00:12:44 if you think about rectified linear units
00:12:47 or kind of rectifier type neural networks,
00:12:50 what do you get?
00:12:51 You get something that’s piecewise linear feedback control.
00:12:55 And if you look at the literature,
00:12:57 linear feedback control is extremely successful,
00:12:59 can solve many, many problems surprisingly well.
00:13:03 I remember, for example, when we did helicopter flight,
00:13:05 if you’re in a stationary flight regime,
00:13:07 not a non stationary, but a stationary flight regime
00:13:10 like hover, you can use linear feedback control
00:13:12 to stabilize a helicopter, very complex dynamical system,
00:13:15 but the controller is relatively simple.
00:13:18 And so I think that’s a big part of it is that
00:13:20 if you do feedback control, even though the system
00:13:23 you control can be very, very complex,
00:13:25 often relatively simple control architectures
00:13:28 can already do a lot.
00:13:30 But then also just linear is not good enough.

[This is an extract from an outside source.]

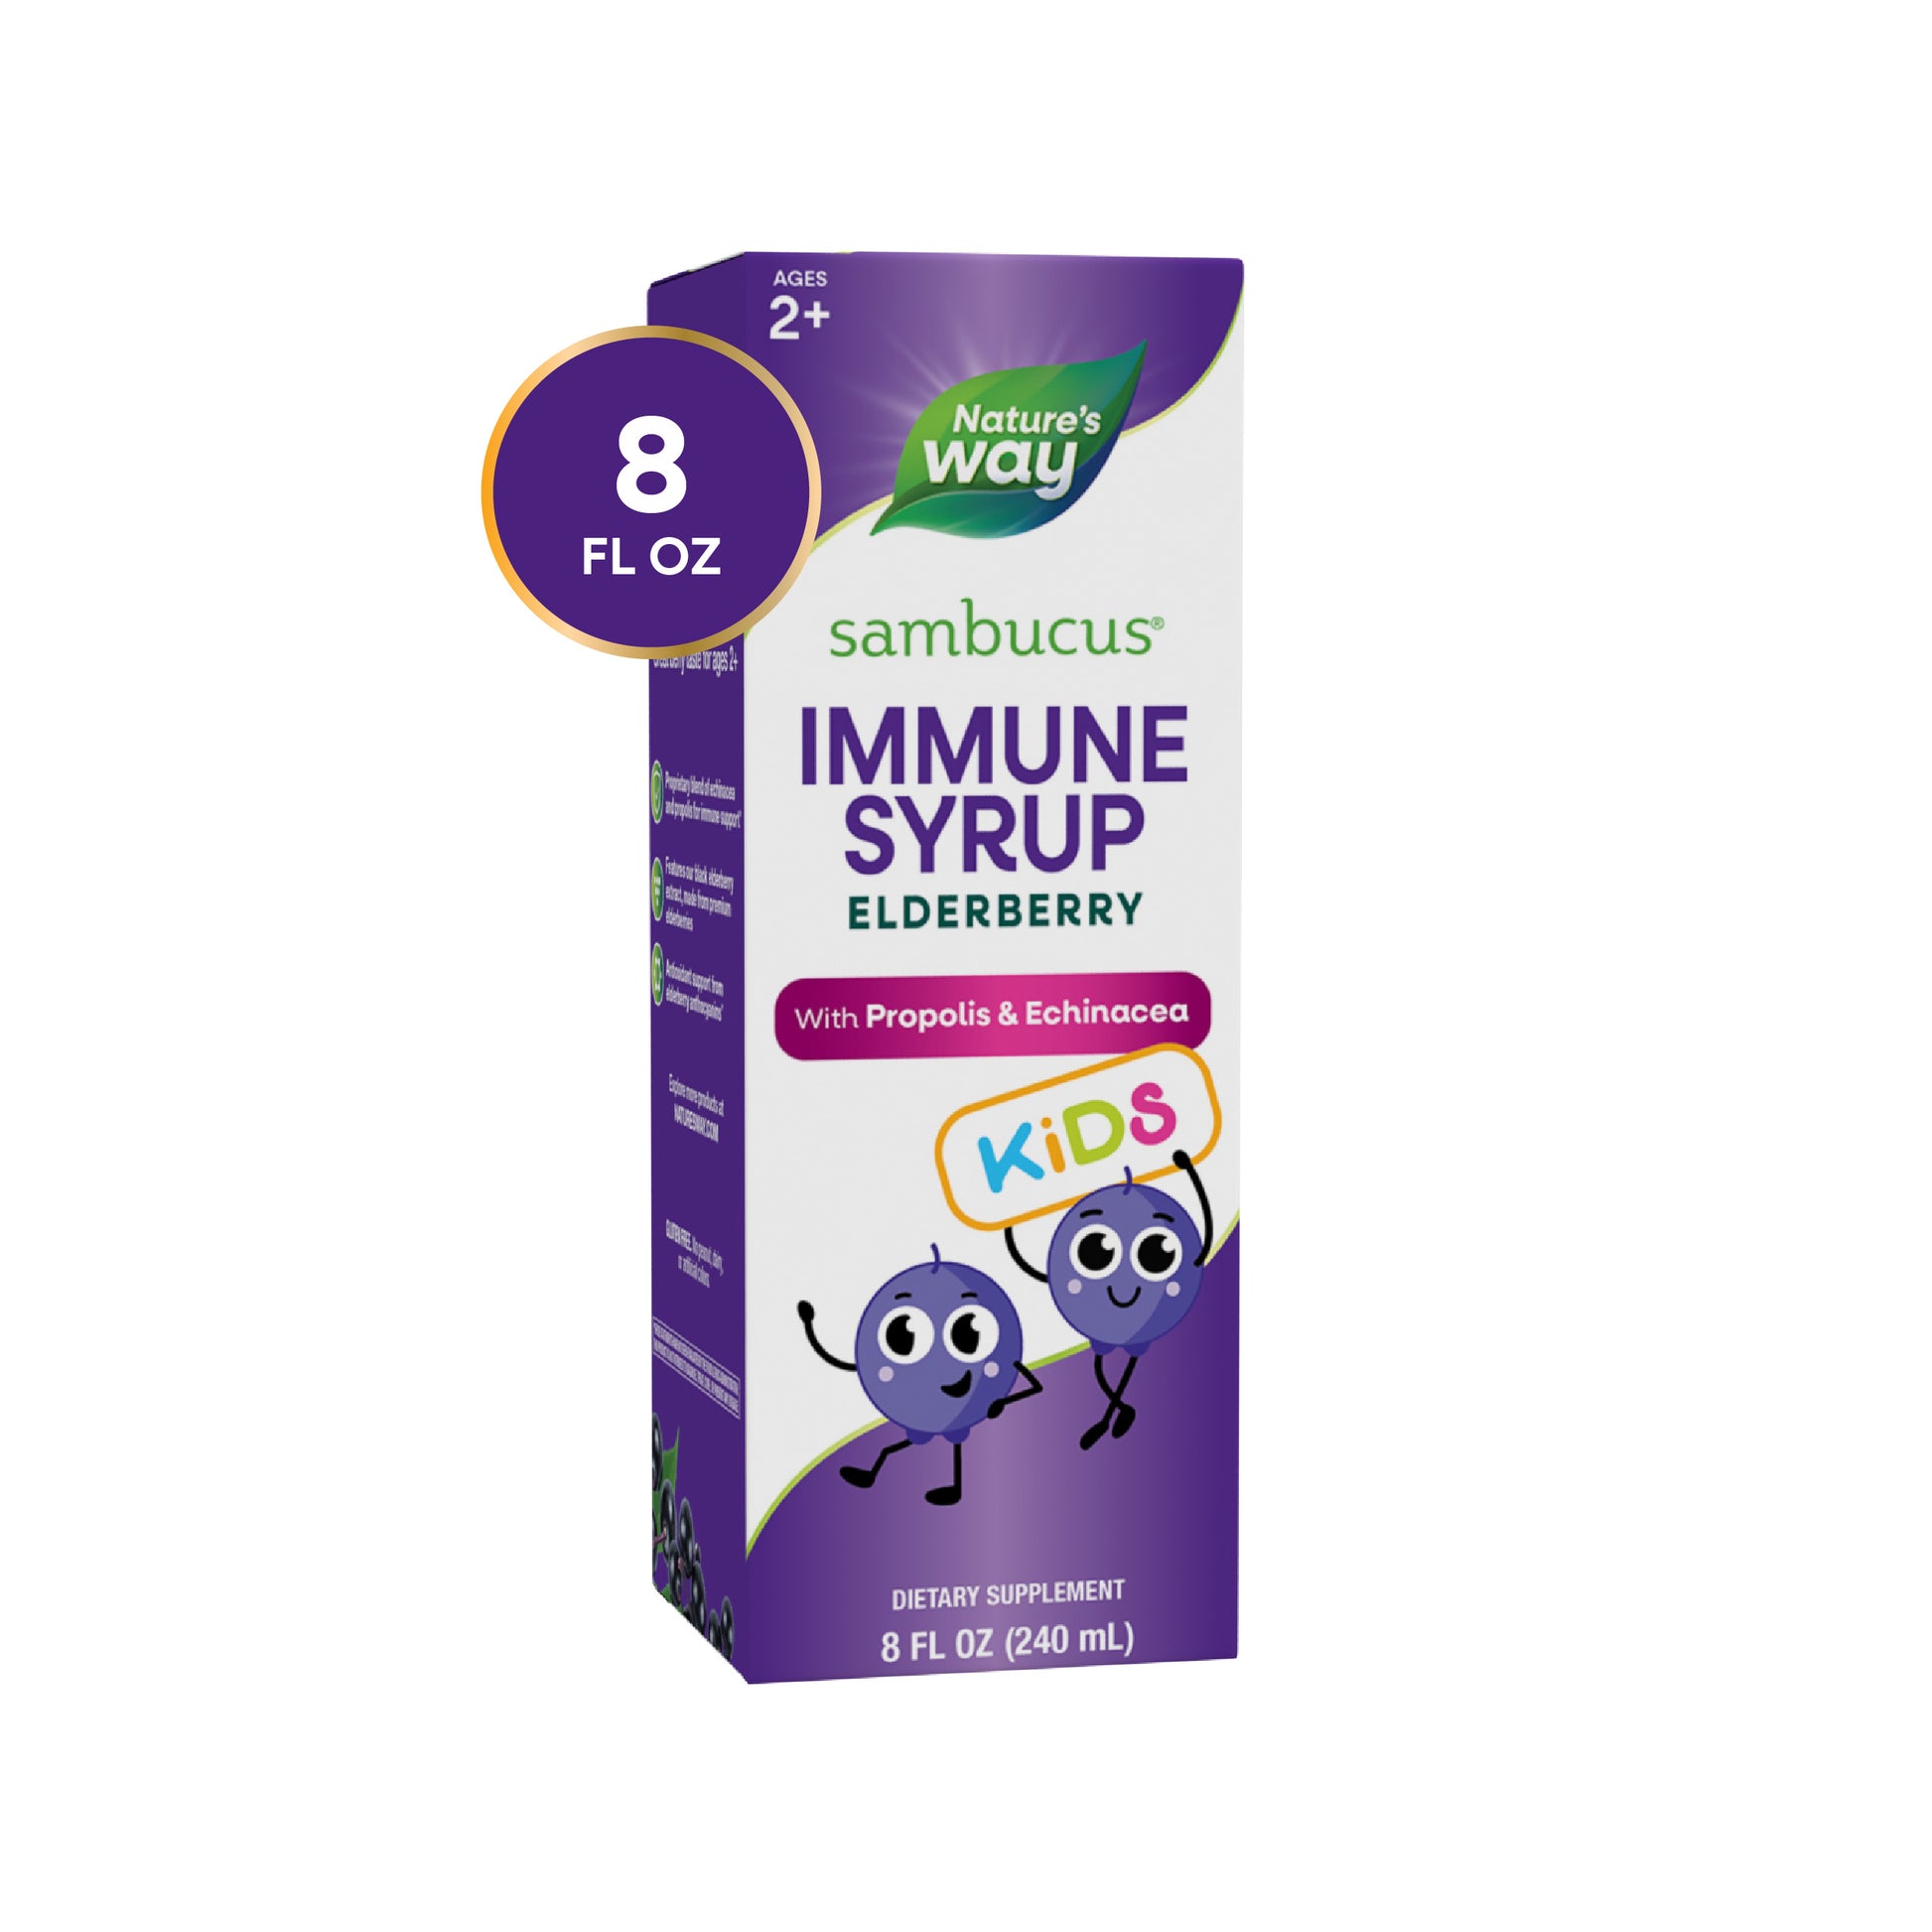 Nature's Way® | Sambucus Immune Syrup for Kids*
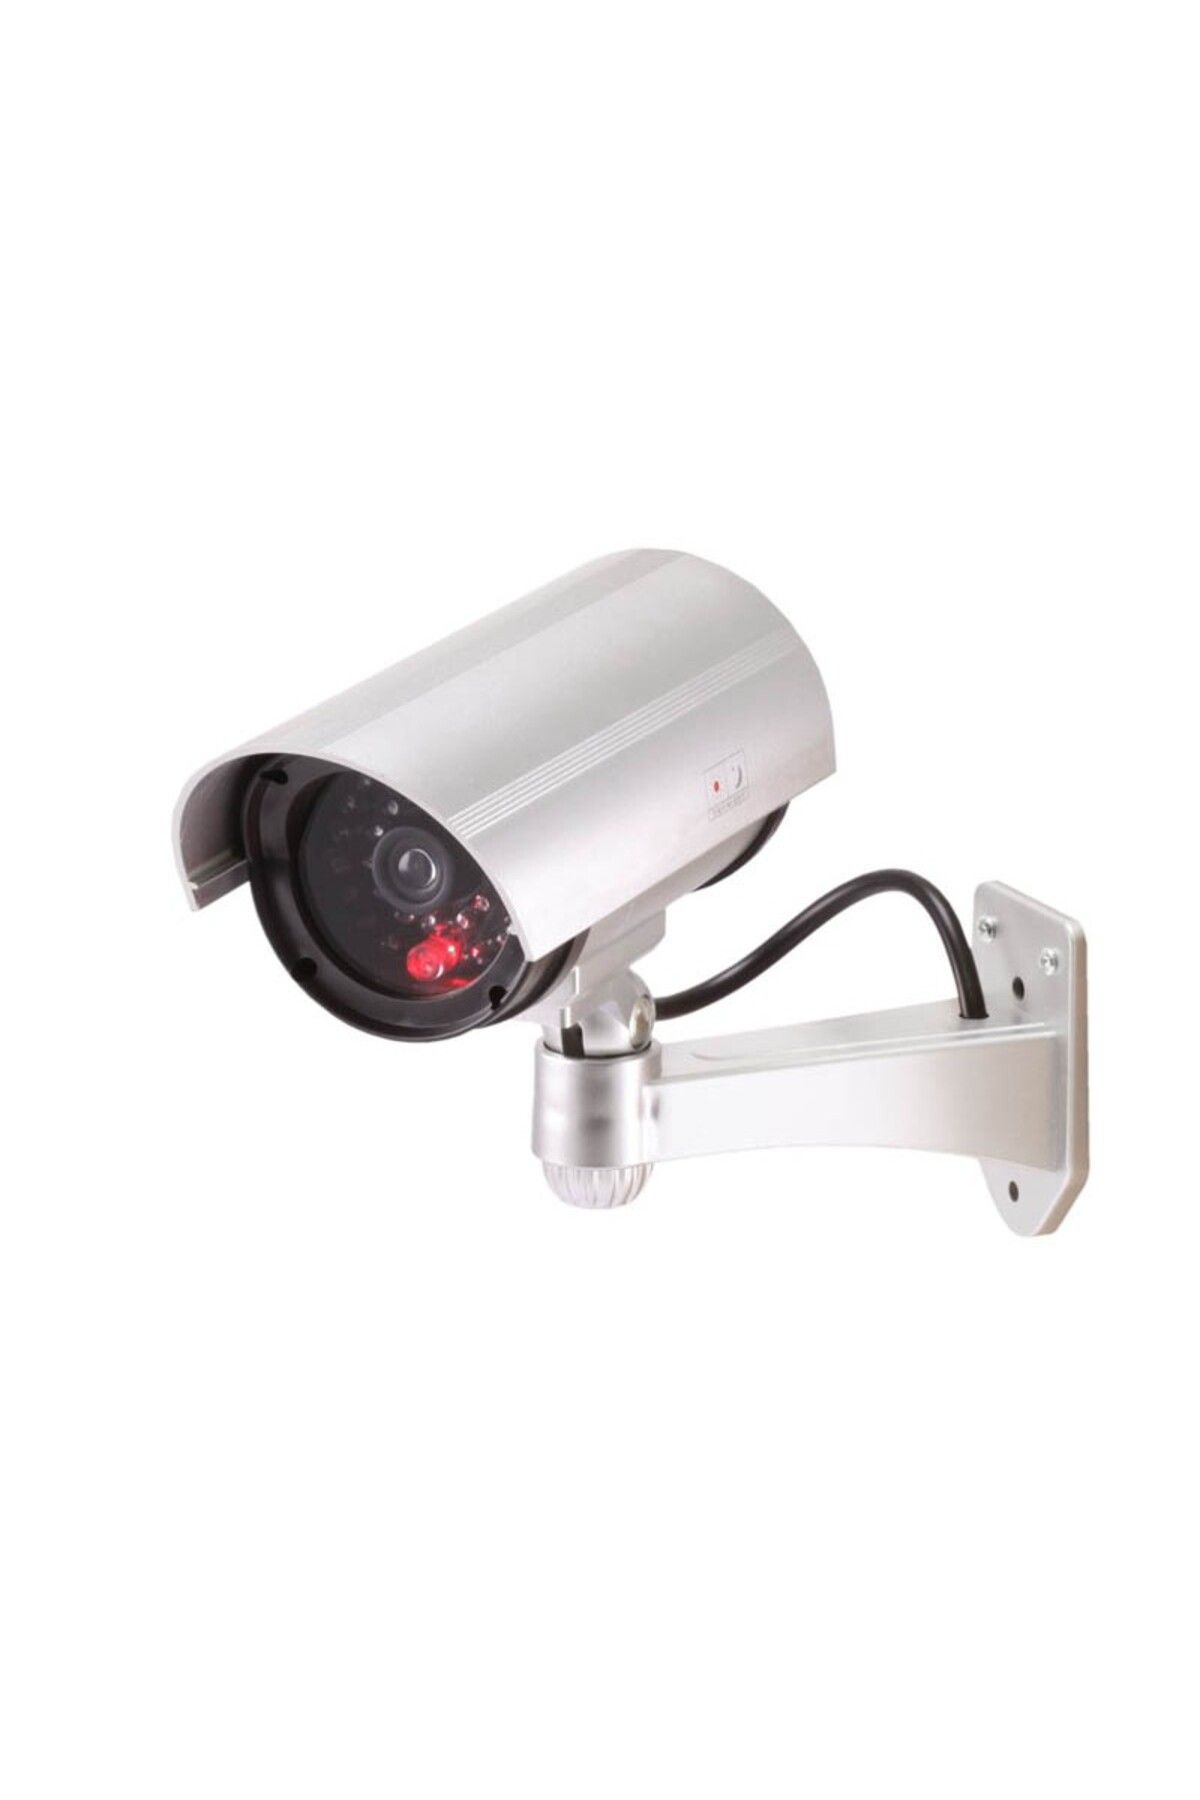 alpanya Gece Görüşlü Güvenlik Hırsız Caydırıcı Yapay Kamera

00:13:32 And so one way you can think of these neural networks
00:13:35 is that sometimes they tile the space,
00:13:37 which people were already trying to do more by hand
00:13:39 or with finite state machines,
00:13:41 say this linear controller here,
00:13:42 this linear controller here.
00:13:43 Neural network learns to tile the space
00:13:45 and say linear controller here,
00:13:46 another linear controller here,
00:13:48 but it’s more subtle than that.
00:13:50 And so it’s benefiting from this linear control aspect,
00:13:52 it’s benefiting from the tiling,
00:13:53 but it’s somehow tiling it one dimension at a time.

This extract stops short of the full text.